* _Directions for this task_
Strip the pictures, then copy the remaining data exactly as it stands.

(Items from a dataset)
§ §

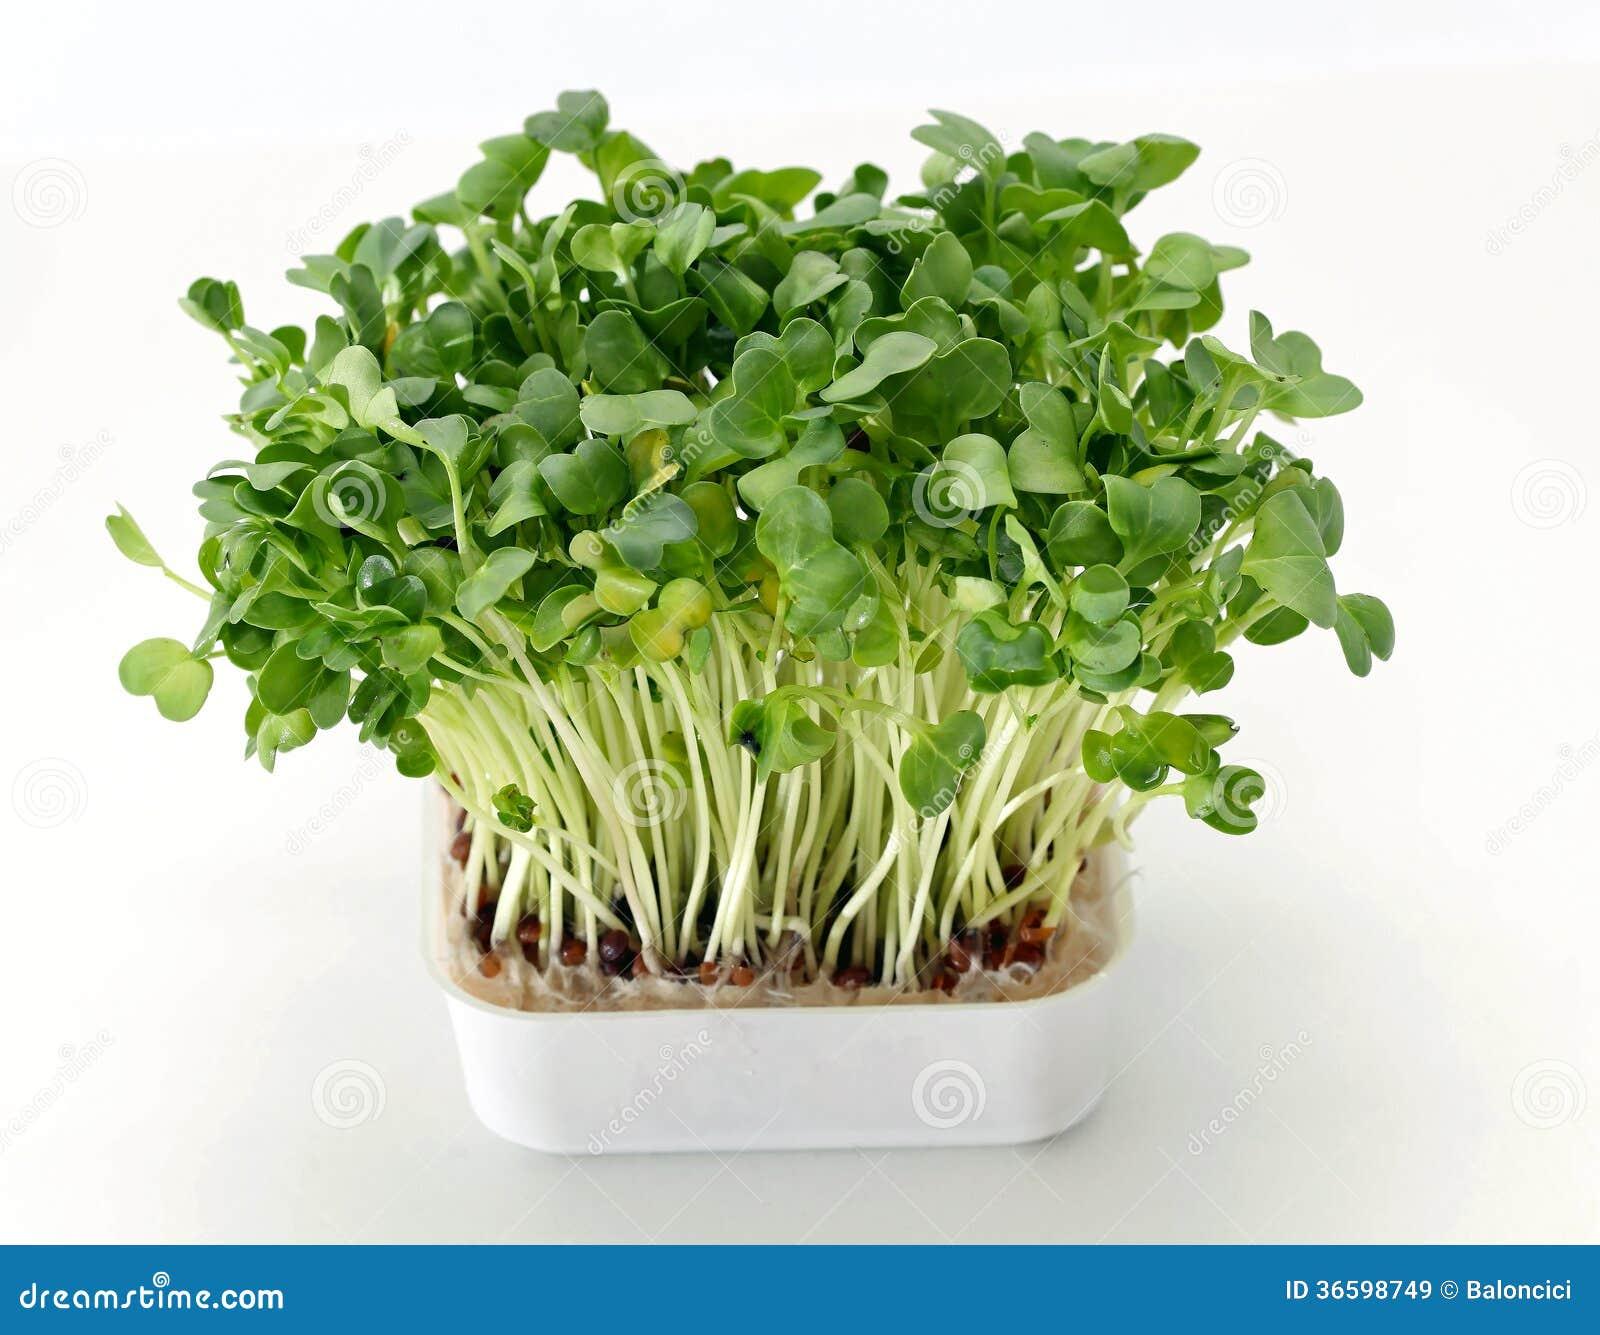 salad business plan
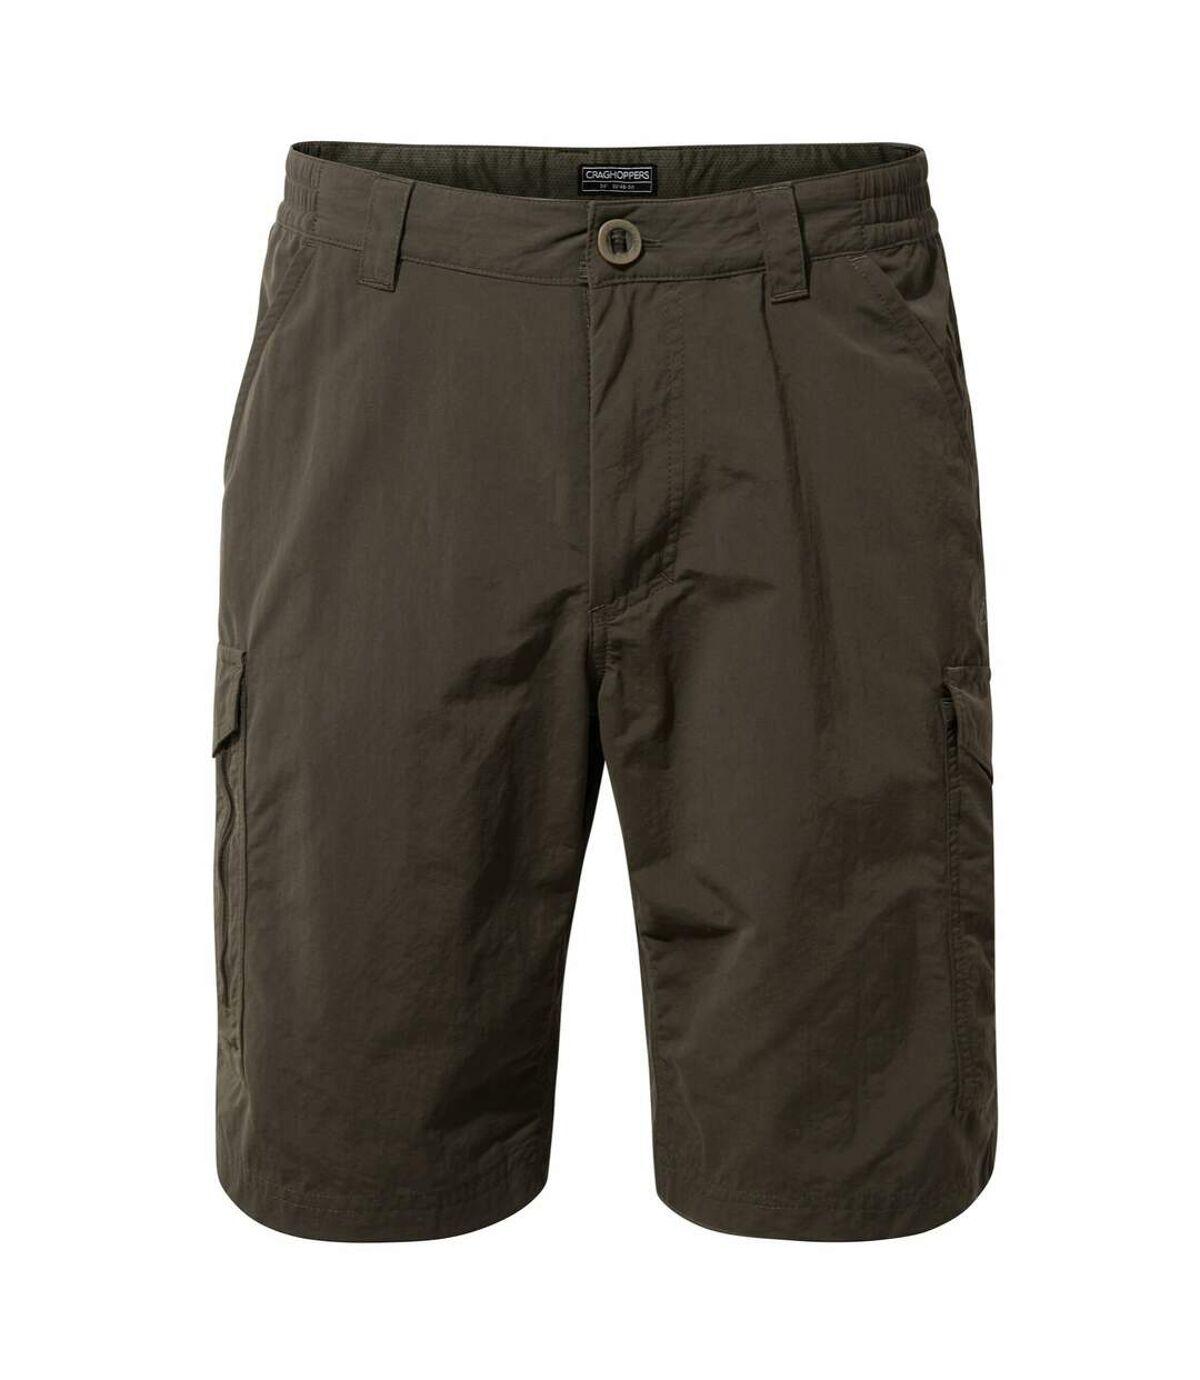 Craghoppers Mens NosiLife Cargo II Shorts (Woodland Green) - UTCG1117
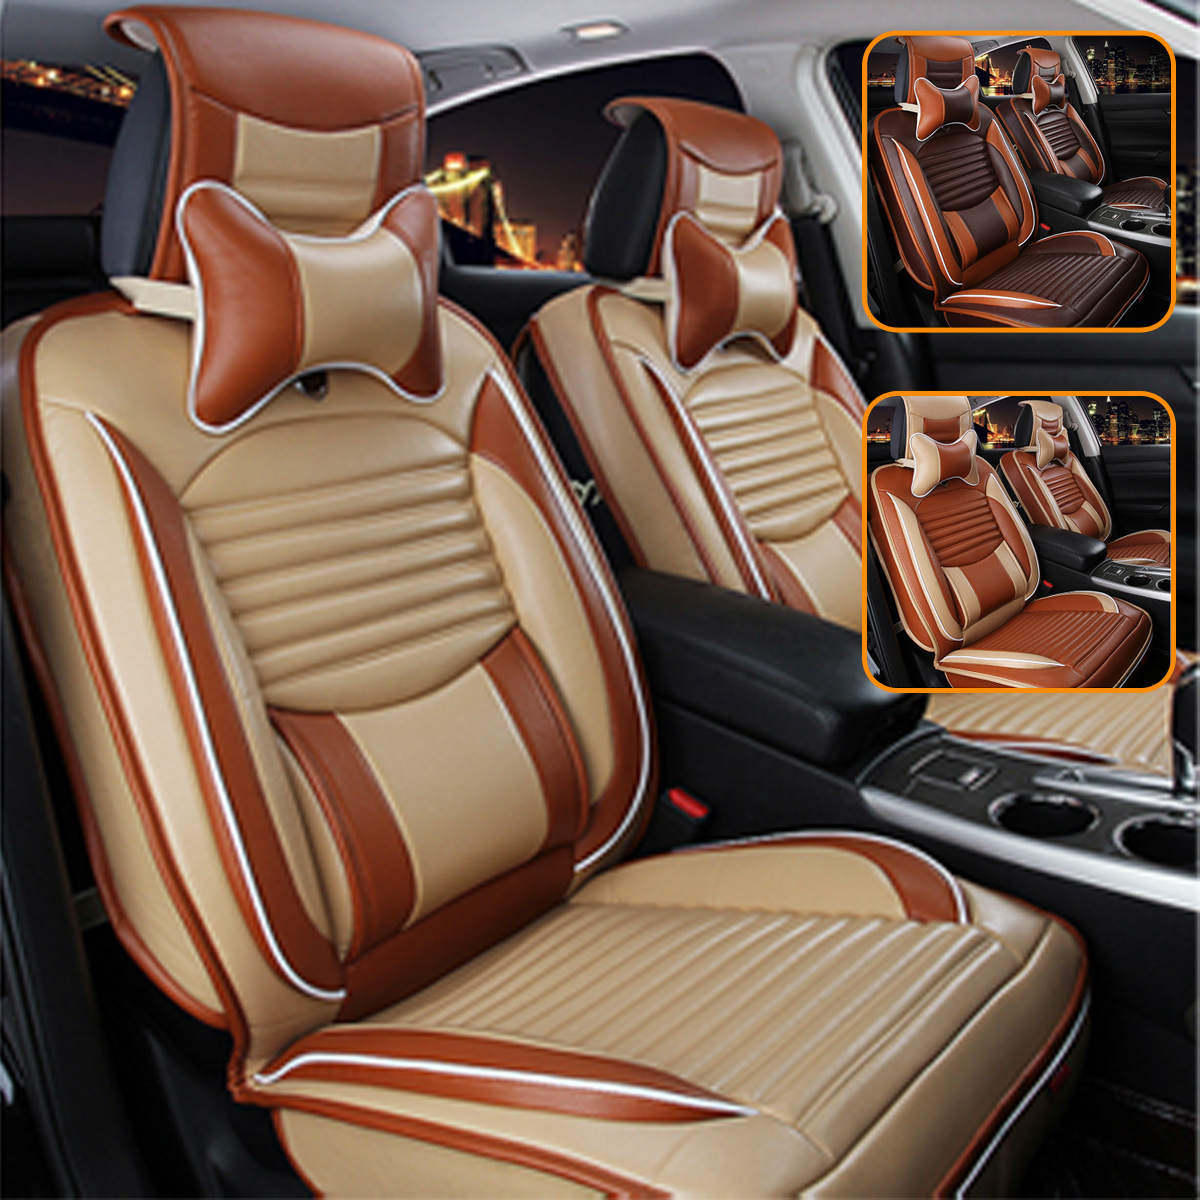 13Pcs Universal car seat set 5 Seat Car PU Leather Full Surround Cover Cushion + Pillows Trim Set
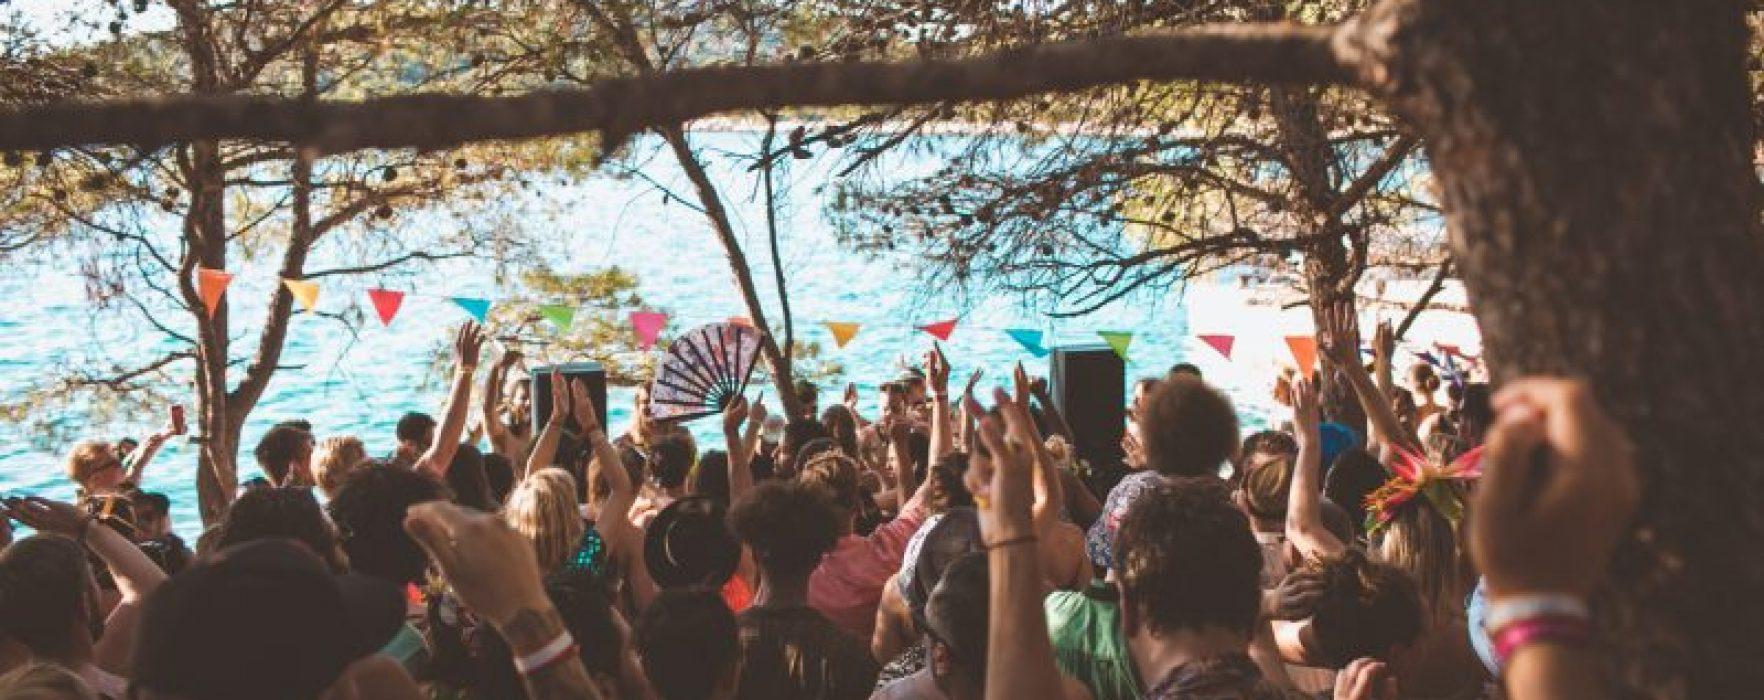 Love International festival release latest line up announcement
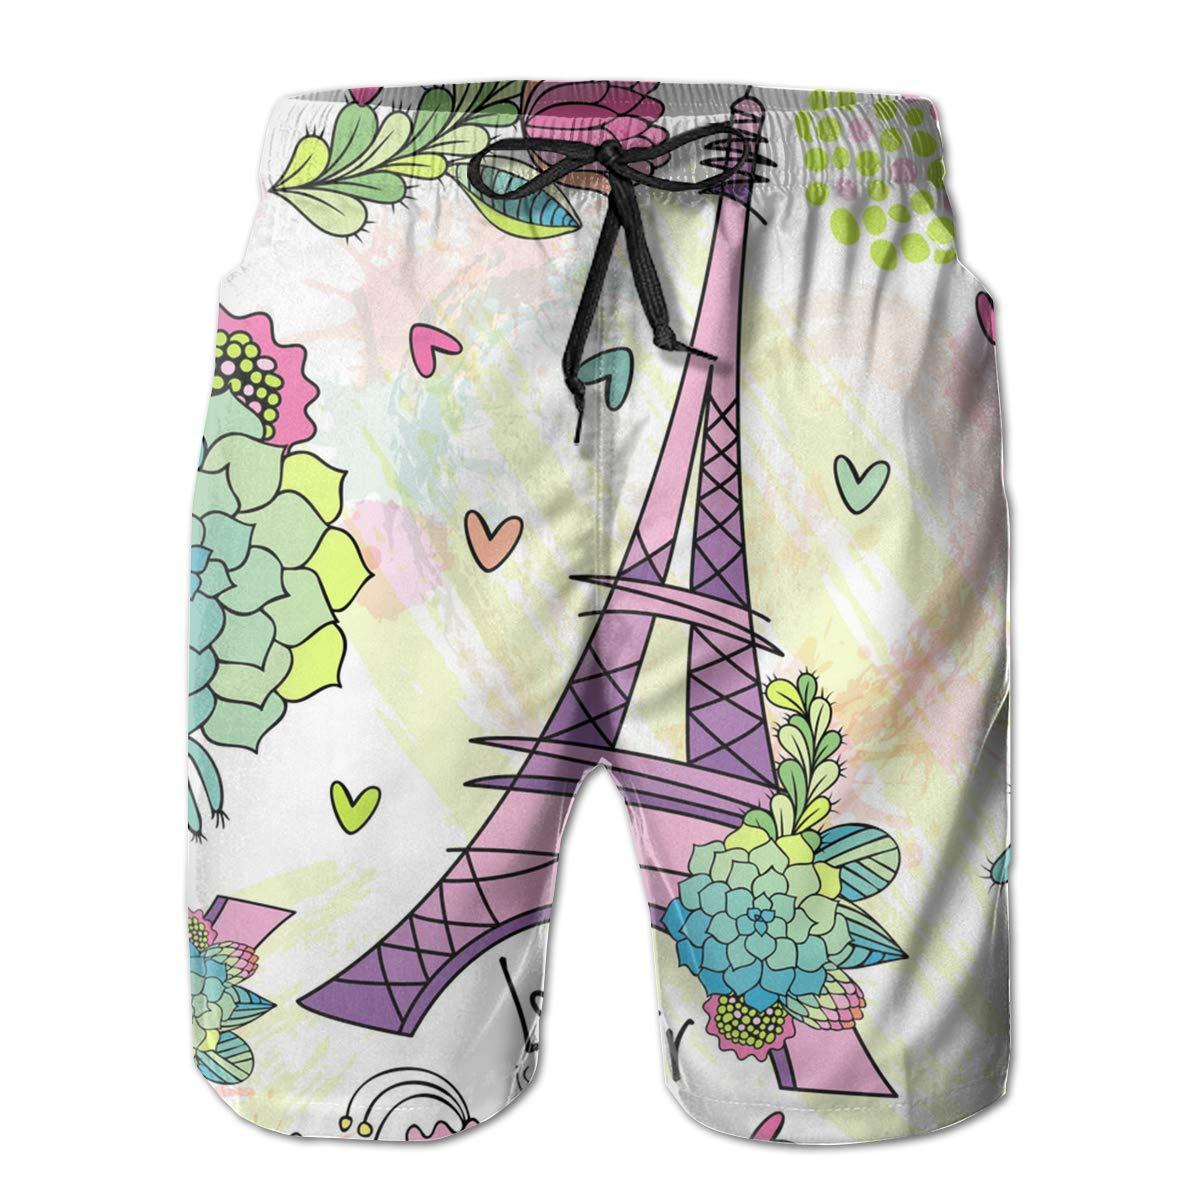 SARA NELL Mens Swim Trunks Floral Pattern with Eiffel Tower Surfing Beach Board Shorts Swimwear

§ §

* _Response_
 salad business plan
 Craghoppers Mens NosiLife Cargo II Shorts (Woodland Green) - UTCG1117
 13Pcs Universal car seat set 5 Seat Car PU Leather Full Surround Cover Cushion + Pillows Trim Set
 Love International festival release latest line up announcement
 SARA NELL Mens Swim Trunks Floral Pattern with Eiffel Tower Surfing Beach Board Shorts Swimwear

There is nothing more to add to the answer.